• **SUPPLIED INFORMATION**
# # # # #

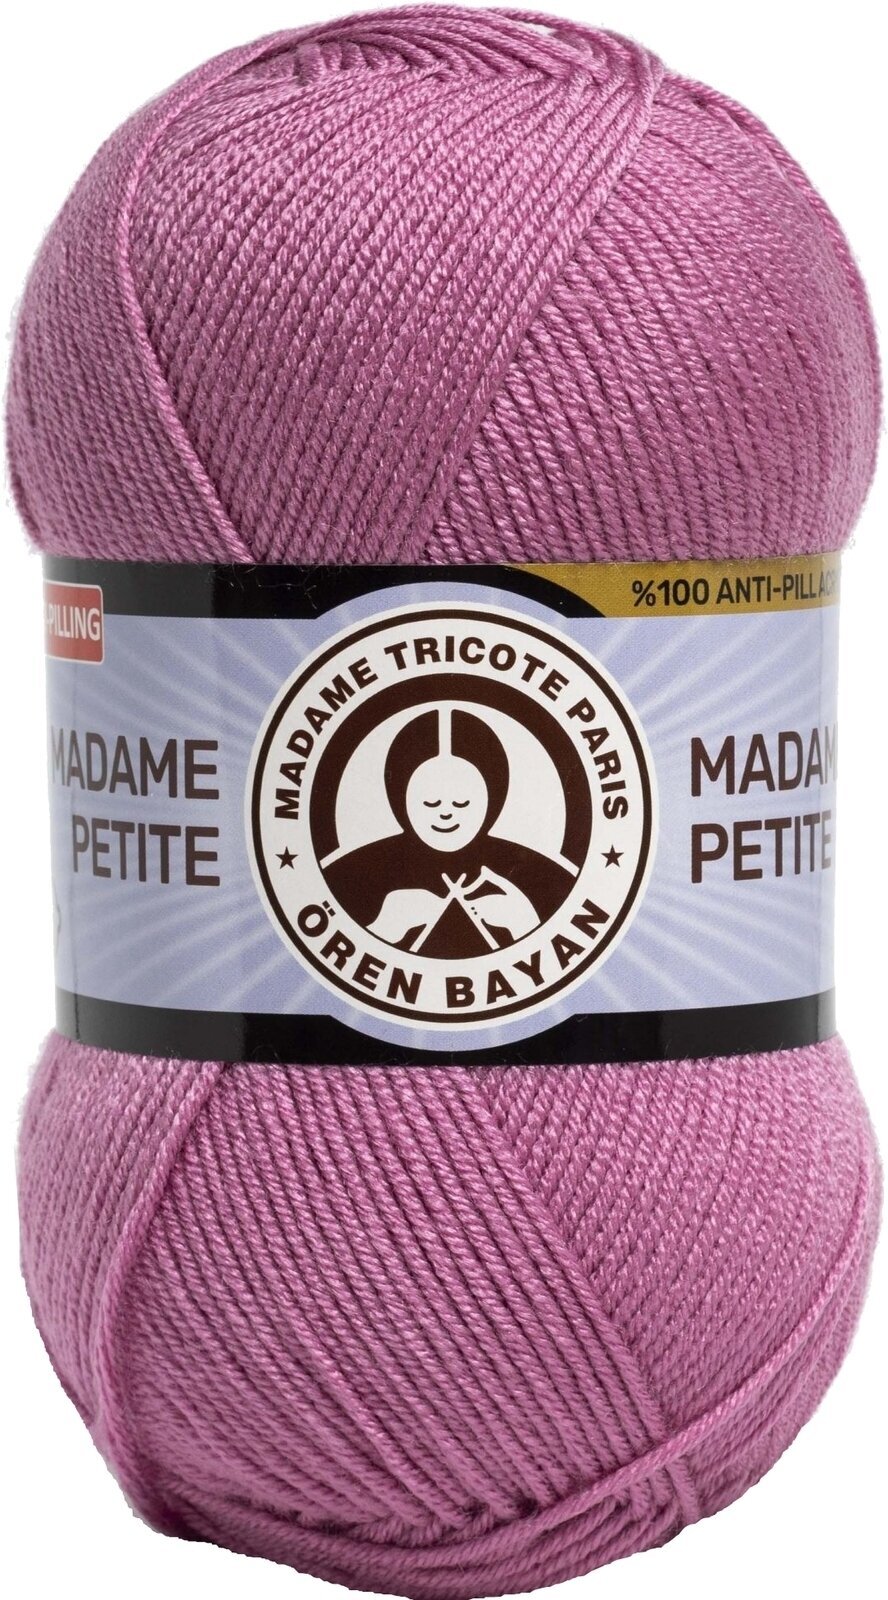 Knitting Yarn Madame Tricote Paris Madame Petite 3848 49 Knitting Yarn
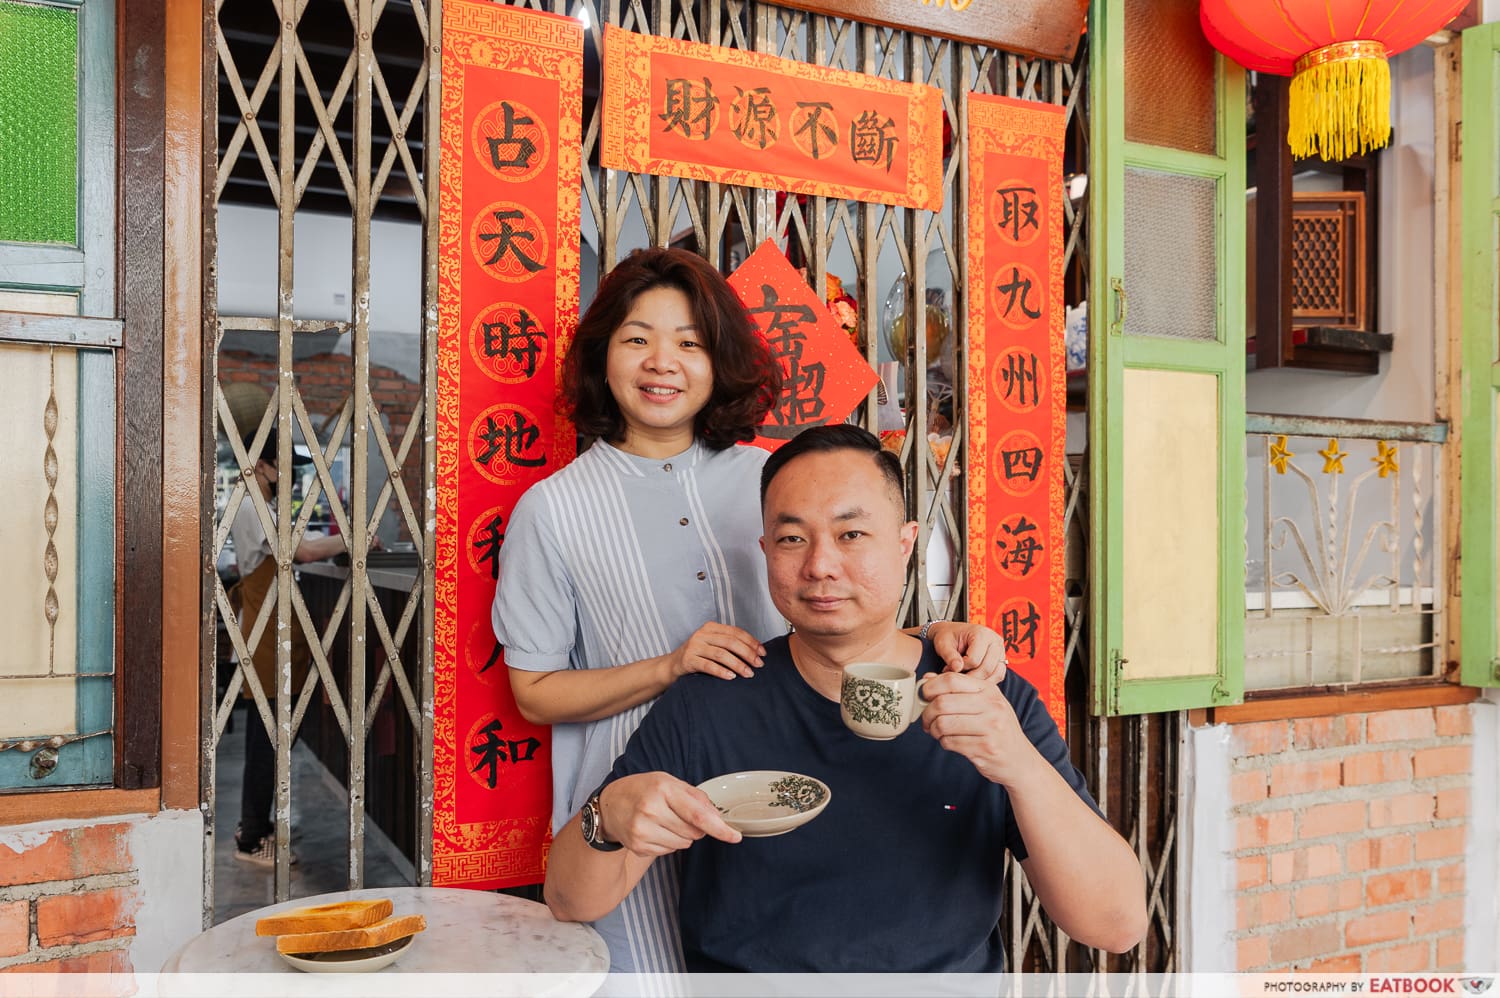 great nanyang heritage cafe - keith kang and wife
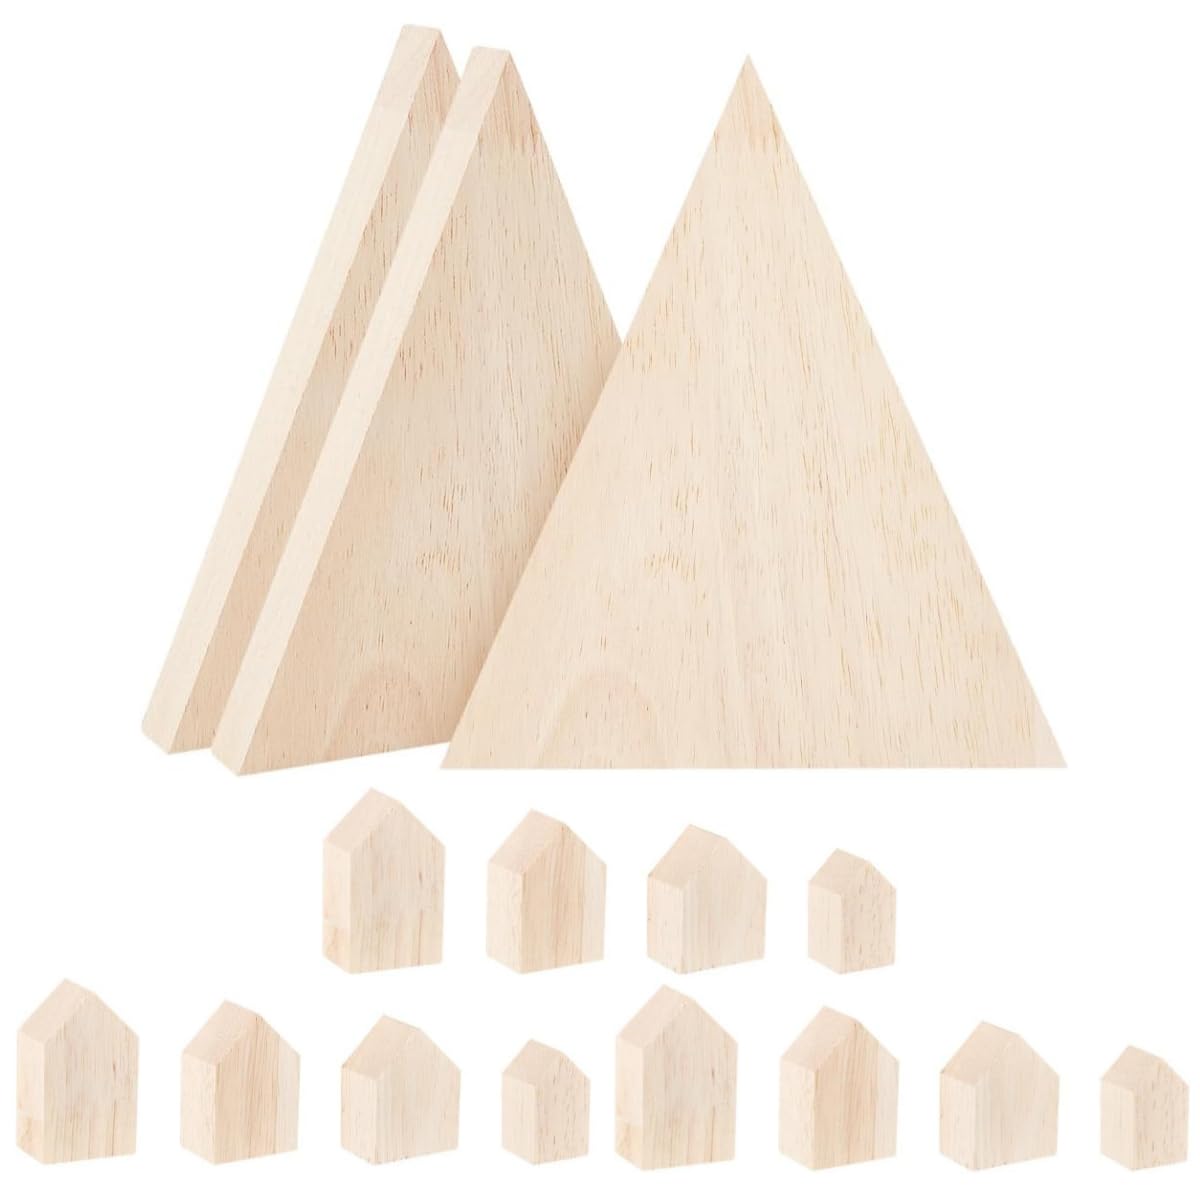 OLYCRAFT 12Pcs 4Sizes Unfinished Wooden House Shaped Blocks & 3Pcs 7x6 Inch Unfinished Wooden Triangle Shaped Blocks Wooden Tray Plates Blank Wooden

# # # # #

• **WHAT IS EXPECTED**
Every line of the material above should be repeated exactly, except for the pictures.

• **SOLUTION TO THE PROBLEM**
 Knitting Yarn Madame Tricote Paris Madame Petite 3848 49 Knitting Yarn
 great nanyang heritage cafe - keith kang and wife
 OLYCRAFT 12Pcs 4Sizes Unfinished Wooden House Shaped Blocks & 3Pcs 7x6 Inch Unfinished Wooden Triangle Shaped Blocks Wooden Tray Plates Blank Wooden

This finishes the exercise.